By the way, Shaw tried to ‘reform’ the English script, but he failed. He even devised a phonetic alphabet for English and published a version of his play ‘Pygmalion’ in that alphabet. I am not at all enthusiastic about ‘reforms’ in languages or scripts, simply because I don’t think they are practical in most cases. But you won’t be baffled by this fact if you knew that he was heavily interested in phonetics and knew and admired Henry Sweet, one of the greatest phoneticians after the great ancient Indian phoneticians (that is a fact: I am not being patriotic). The protagonist of ‘Pygmalion’ (’My Fair Lady’ on the silver screen) is loosely based on Sweet.

Years ago I had read a book called ‘More than Words can Say’. The writer of that book had called Shaw a crackpot. He didn’t give any particular reason. But my guess is that he said this because he too was one of the linguistic patriots, the kind who devised English language tests for aspiring immigrants to the USA in early 20th century and decreed that those who didn’t know English were inferior human beings. I wonder where the above reviewer is situated with respect to those linguistic patriots.

Just for the record, there is a claim that the ‘ghoti’ example actually came originally from some other spelling reformer, not from Shaw. I don’t think that affects what I have said above.

November 10, 2007

A Joycean Blasphemy

I wrote:

I am buried, right now.

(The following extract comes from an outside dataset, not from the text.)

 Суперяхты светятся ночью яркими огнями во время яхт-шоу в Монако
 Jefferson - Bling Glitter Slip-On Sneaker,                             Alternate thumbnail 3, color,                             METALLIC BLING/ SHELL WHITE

Under deadlines.

That was just a bit Joycean.

This one is more Joycean:

I am buried. Right. Now. And-er dead. Lines.

(Actually, there is also a touch of Arundhati Roy here.)

I can’t help imagining how a sub-ed would react to this: coming from a nobody. Not even a native speaker of the Global Language.

Blasphemy!

(The rant and the rave are yet to follow. They will come. I promise.)